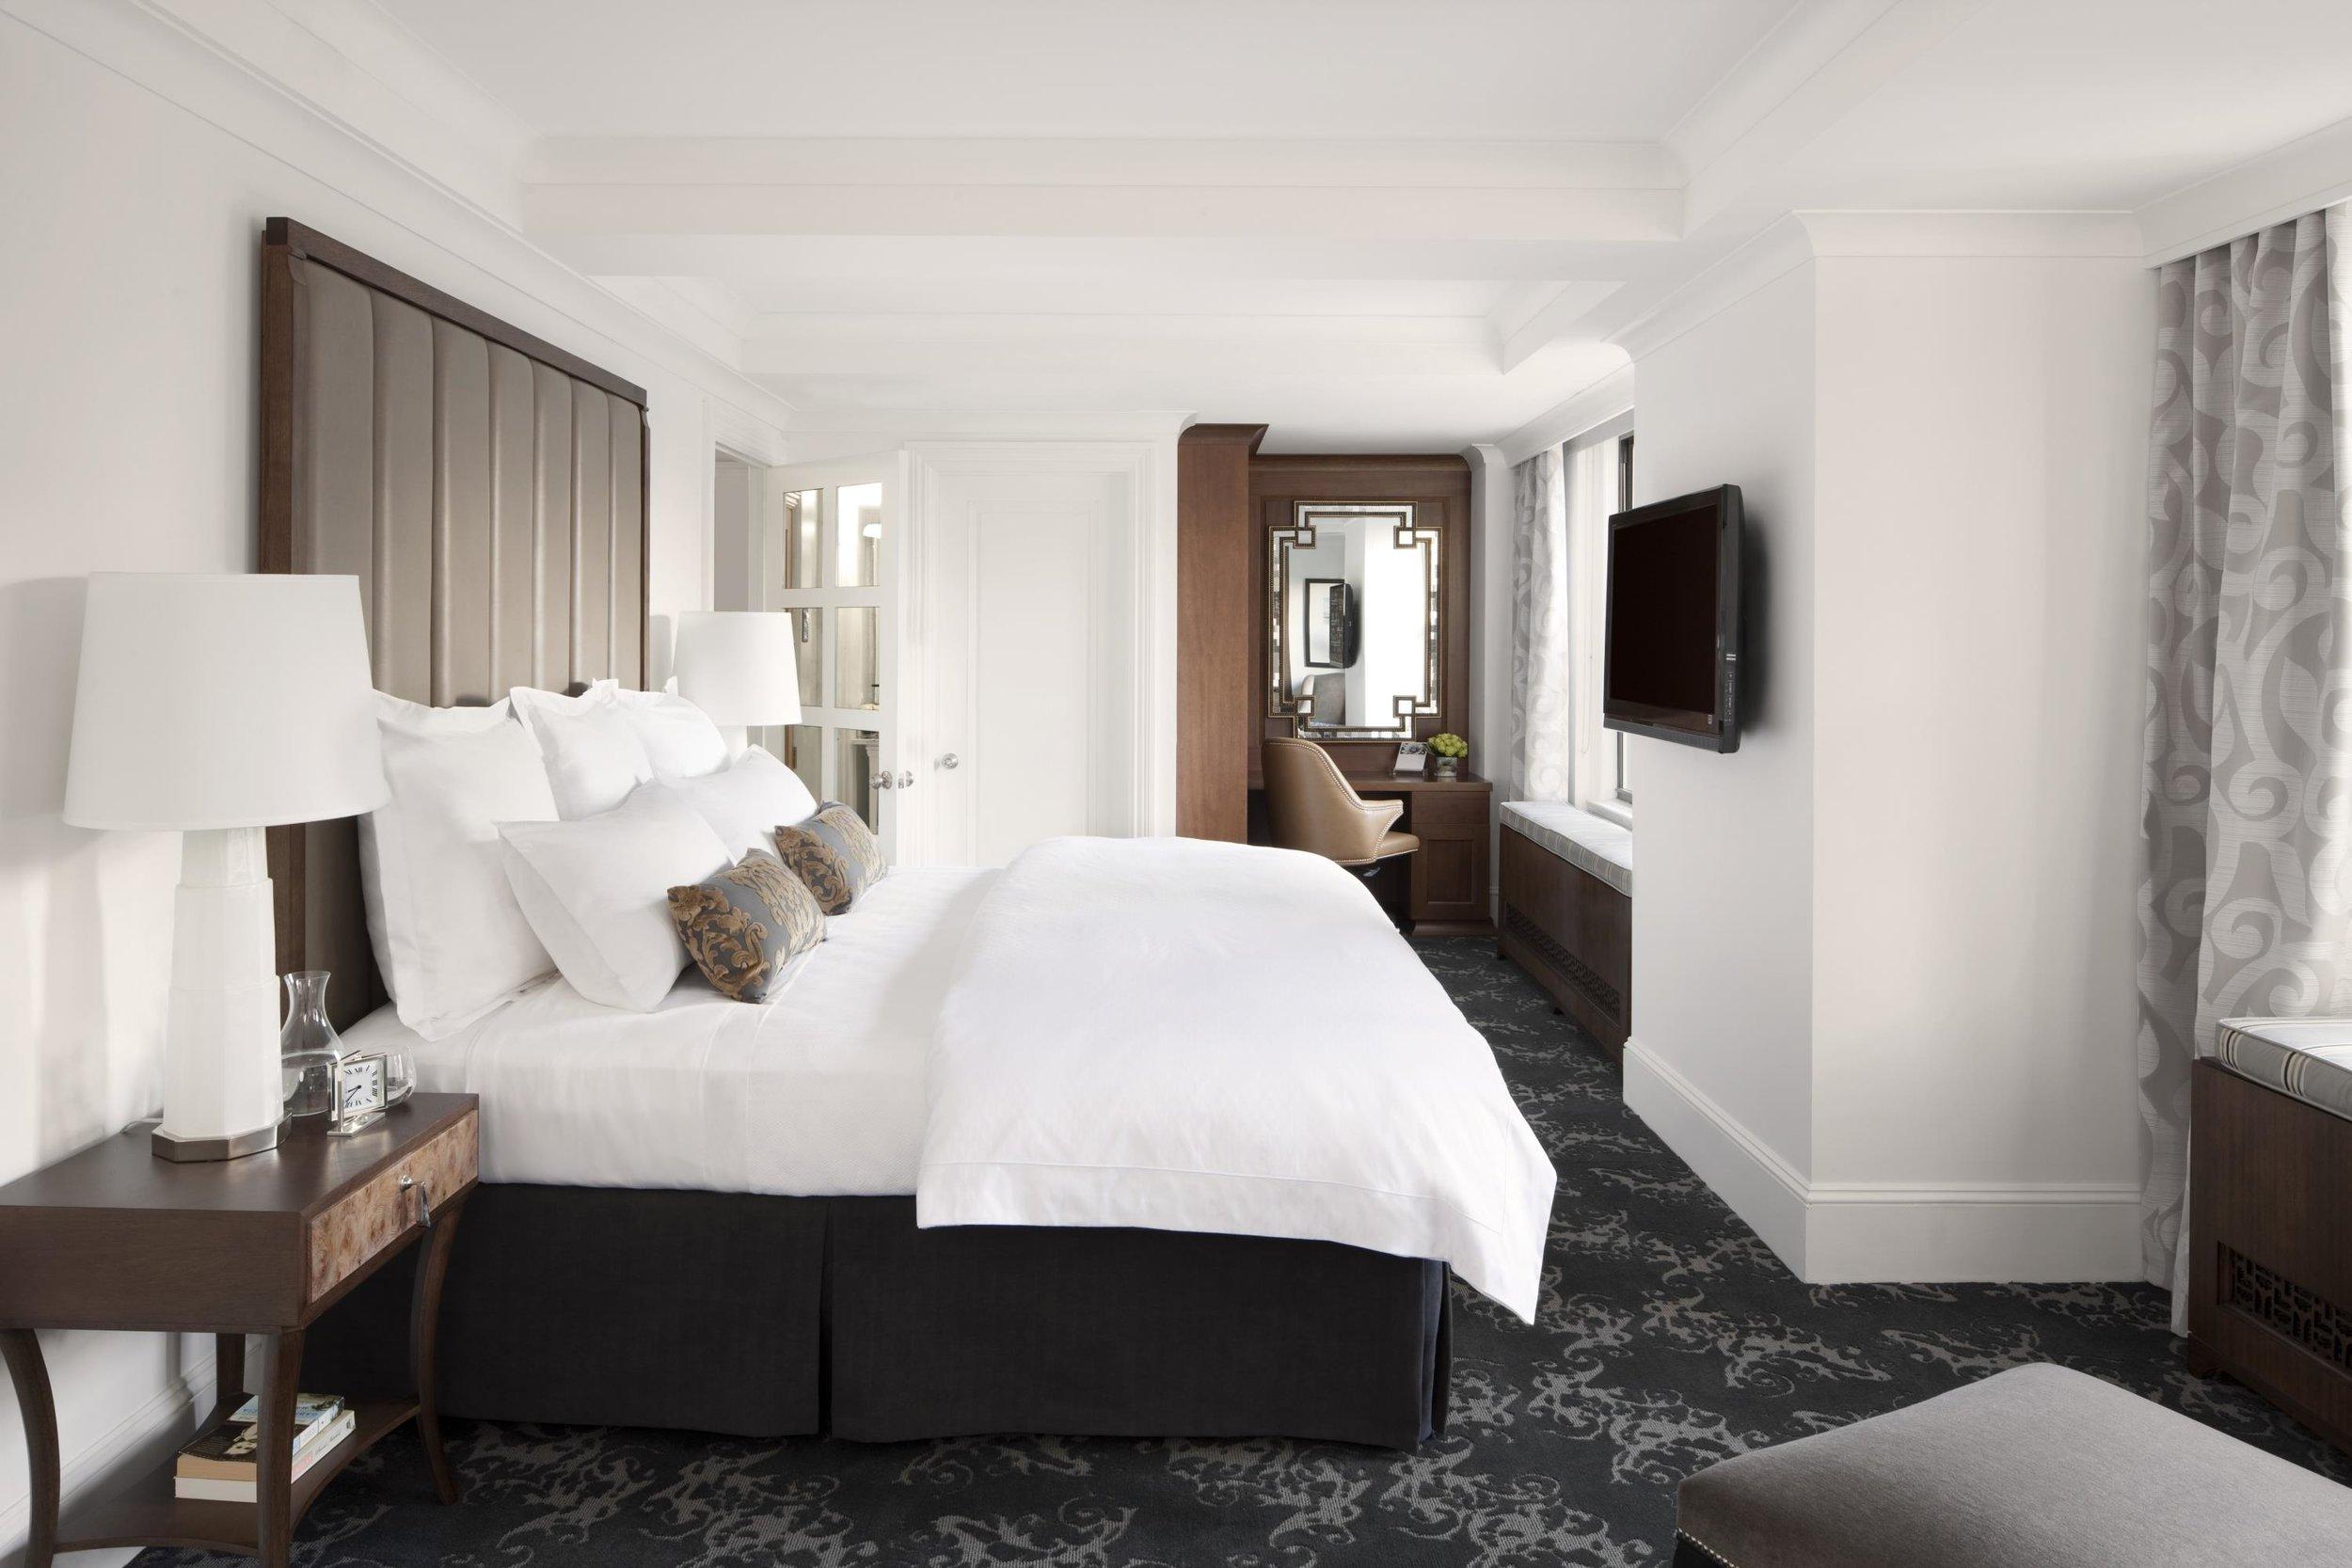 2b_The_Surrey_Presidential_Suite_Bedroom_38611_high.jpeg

...

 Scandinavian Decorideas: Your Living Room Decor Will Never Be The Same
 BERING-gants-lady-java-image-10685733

---

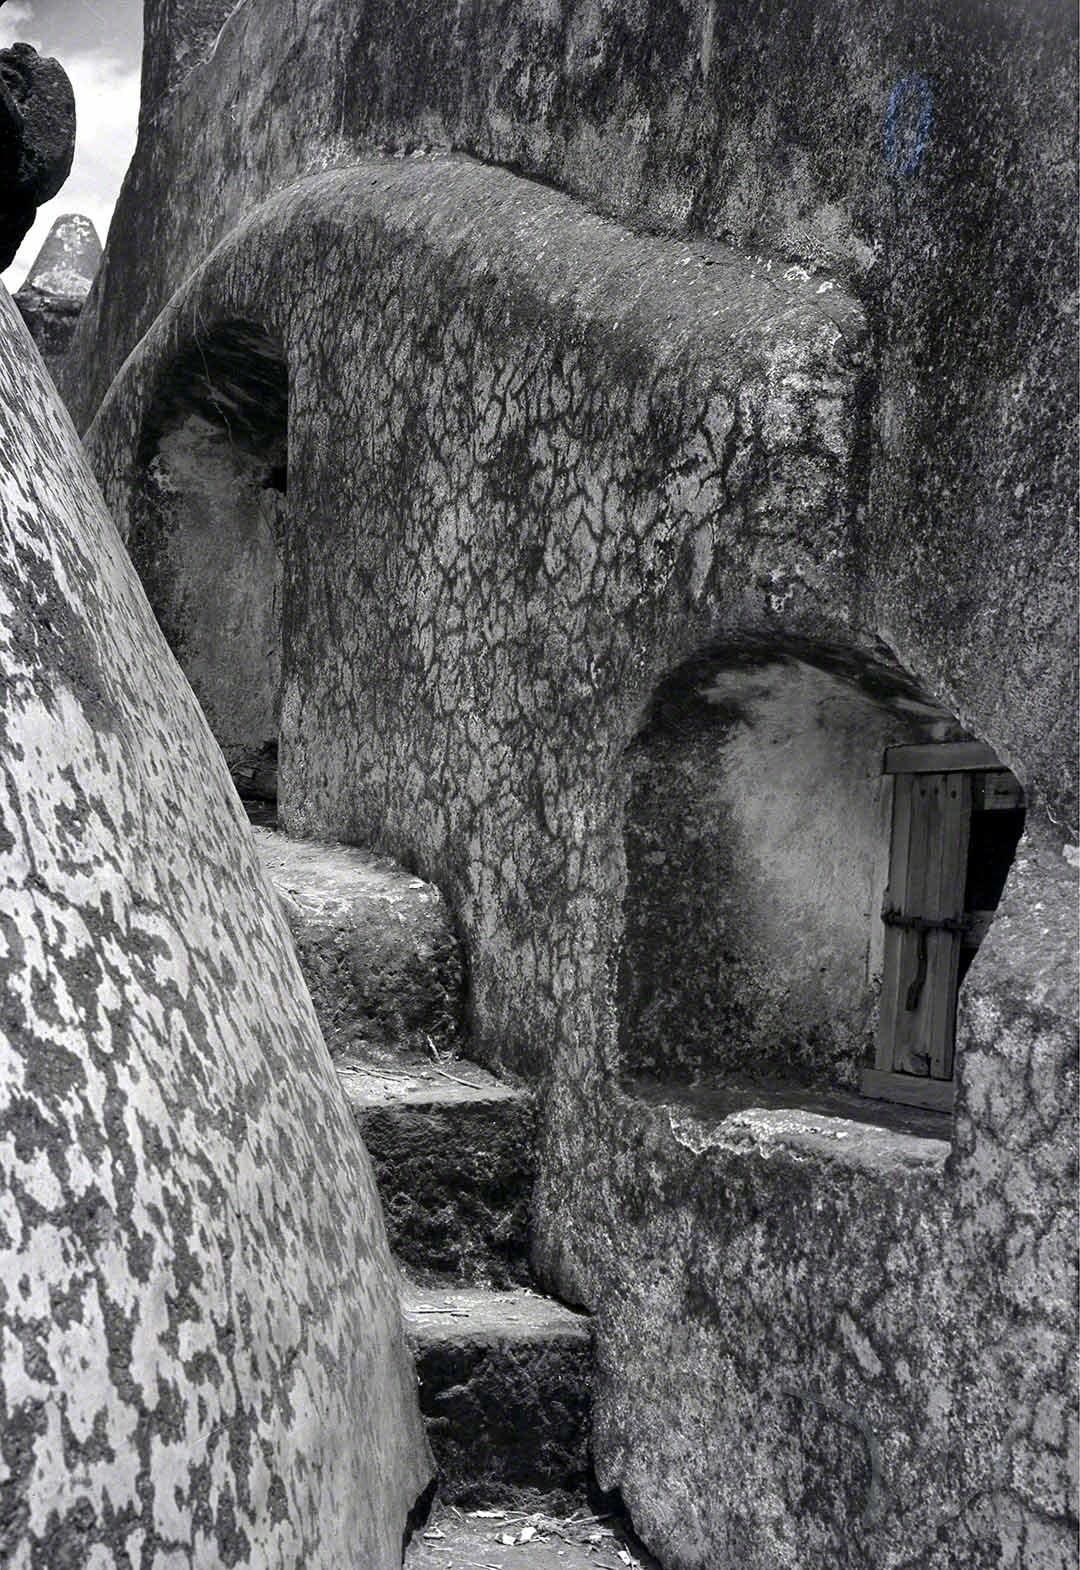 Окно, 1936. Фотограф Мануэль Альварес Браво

(PROBLEM TO SOLVE):
Above are some lines. Repeat exactly, and only, those from the line that has "Scandinavian Decorideas: Your" through the line that has "BERING-gants-lady-java-image-10685733".

(YOUR RESPONSE):
 Scandinavian Decorideas: Your Living Room Decor Will Never Be The Same
 BERING-gants-lady-java-image-10685733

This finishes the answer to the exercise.